MESSER ALESSANDRO THINKS TO CUT HIS NAILS

Not to weary you, it is clear that Ippolita was the fashion. The poets, the courtiers, the painters, of whom in that age of peace Padua was full, were wild about this glowing girl, this sumptuous nymph of the Via Agnus Dei; they were melodiously, caperingly, symphonically wild, according to their bents. She saw herself on plates of faience, where the involutions of a ribbon revealed "Ippolita Bella" to the patient eye; she found herself (or they found her) an inordinate tri-syllable for a canzone, saw her colours of necessity reproduced on her lover's legs and shoulders as colours of election. One by one she could appraise her own possessions, and those they fabled of her. Her hair was Demeter's crown of ripe corn—she knew nothing of the lady, but hoped for the best. Her eyes were dark blue lakes in a field of snow—this she thought very fine. Her lips were the amorous petals of a rose that needs must kiss each other; kissing, they made a folded flower—ah!

"La virtù della bocca,
Che sana ciò che tocca,"

sighed the poets. But, bless her good innocence! that sweet mouth had touched nothing more mannish than her father's forehead or the feet of the Crucified. Her cheeks, said they, were apple-blossoms budded, her neck the stem of a chalice, her breast—but I spare your blushes, though they never spared hers. There is a book, "Gli Ornamenti delle Donne," which will tell you what that bastion of a fair girl should be; and what it should be those Paduan lyrists will more than assure you Ippolita's was. Thus passionately they fingered every part, dwelling here, touching there, with no word that was not a caress. What she had not, too, they gave her—the attributes she sowed in them. She was "vagha," since they longed; "lontana," since she kept them at a distance; "nascosa," since they drove her to it; cold, since she dared not be warm.

The painters, not to be behind, expressed what the others hinted. She saw herself, first, as Daphne behind a laurel-bush—the artist, kneeling in the open, offered his heart smoking upon a dish; second, as Luna, standing in shrouded white on a crescent moon—the artist, as Endymion, asleep in a rocky landscape, waiting to be kissed; third, as Leda, naked in reeds beside her pair of eggs—the plumed artist near by, ruffling and flapping his wings. Luckily, their allusiveness escaped her; she knew nothing of the diversions of the ancient gods.

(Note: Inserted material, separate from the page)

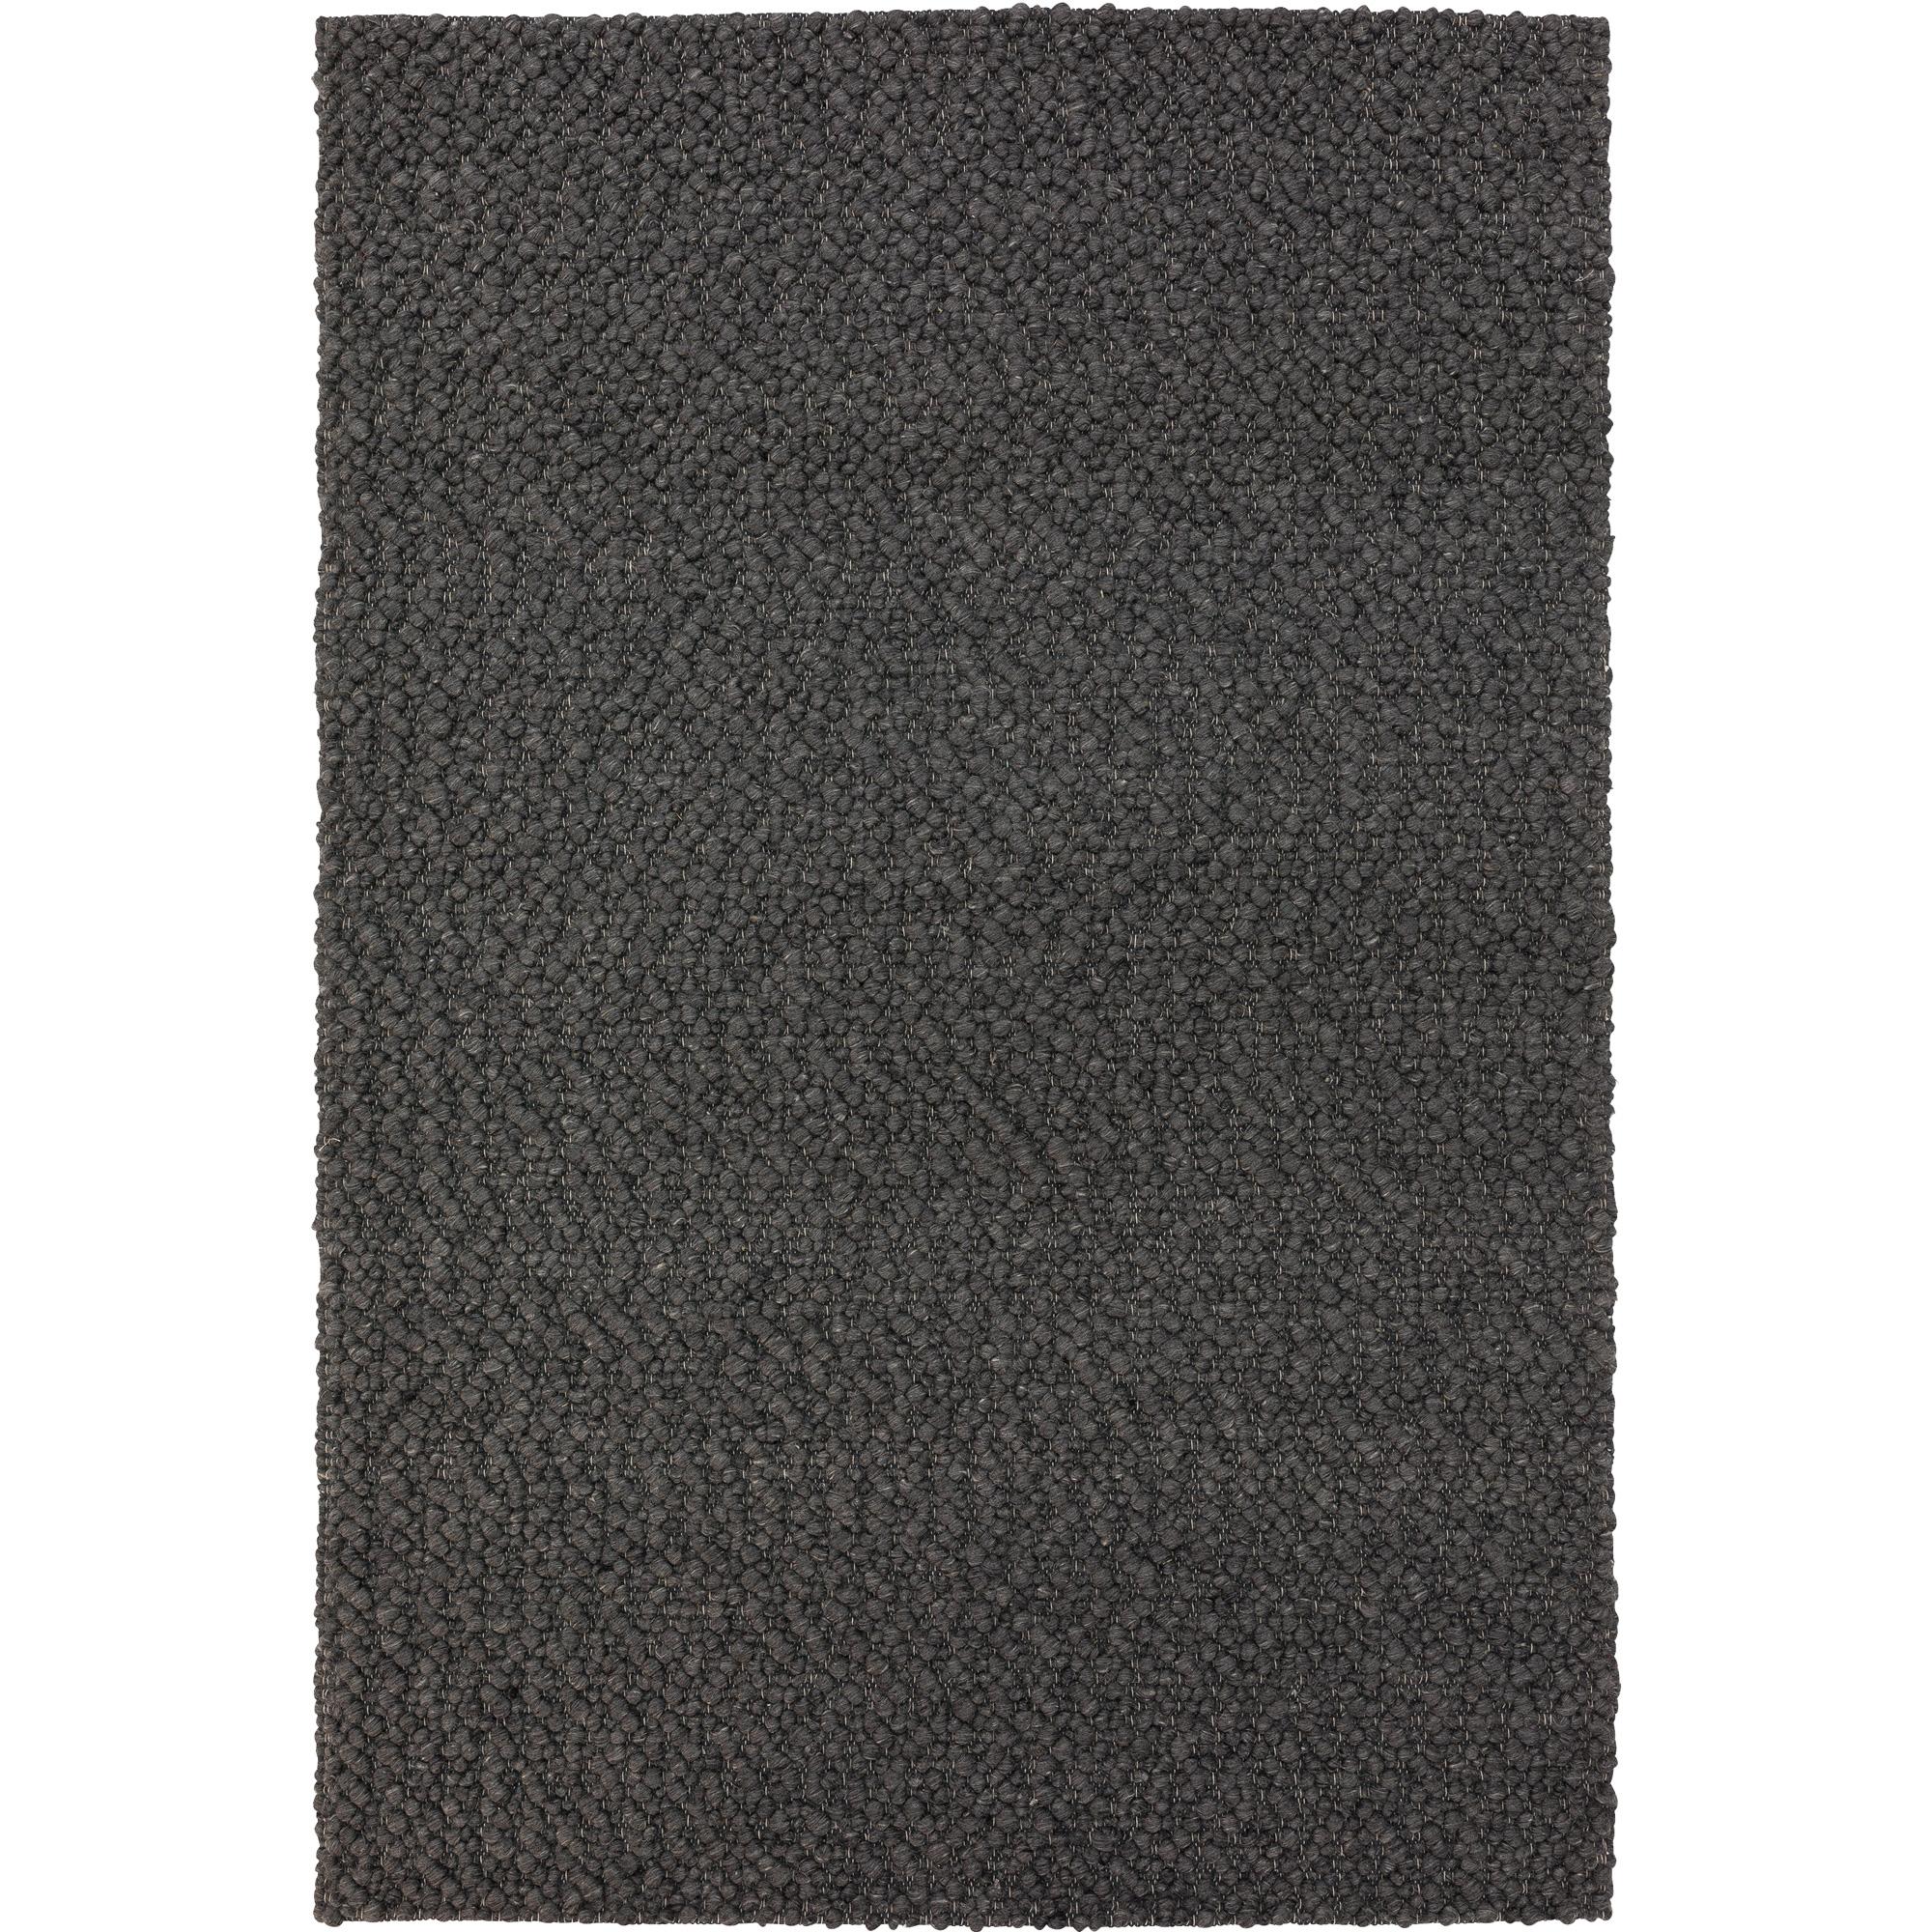 Dalyn Rug Company | Gorbea Charcoal 5x8 Area Rug

But of all the vantage she gave them, none equalled that for which her gossips should have answered, her most commendable name of Ippolita. The verses she received on that theme would have made a Theseid, those she had to hear would have kept the rhapsodists for a twelve-month, those she saw the very Sala del Consiglio could not have contained. Ippolita at war with the Athenian, or leading her Amazons afield; Ippolita turning her unmaimed side to an adoring warrior (the painter) and you, or suckling Ippolita (with the artist's strongly marked features) in an ivied ruin with peacocks about it; Ippolita in a colonnade at Athens on the right hand of the king—thus she saw herself daily; thus the old palace walls of Padua, if they could yield up their tinged secrets through the coats of lime, would show her rosy limbs and crowned head. Mantegna has her armoured, with greaves to the knee and spiked cups on her breastplate. Gian Bellini carried her to Venice, to lead Scythians in trousers against Theseus in plate-armour and a blazoned shield. Giorgione set her burning in the shade, trying to cool her golden flank in deep mosses by a well.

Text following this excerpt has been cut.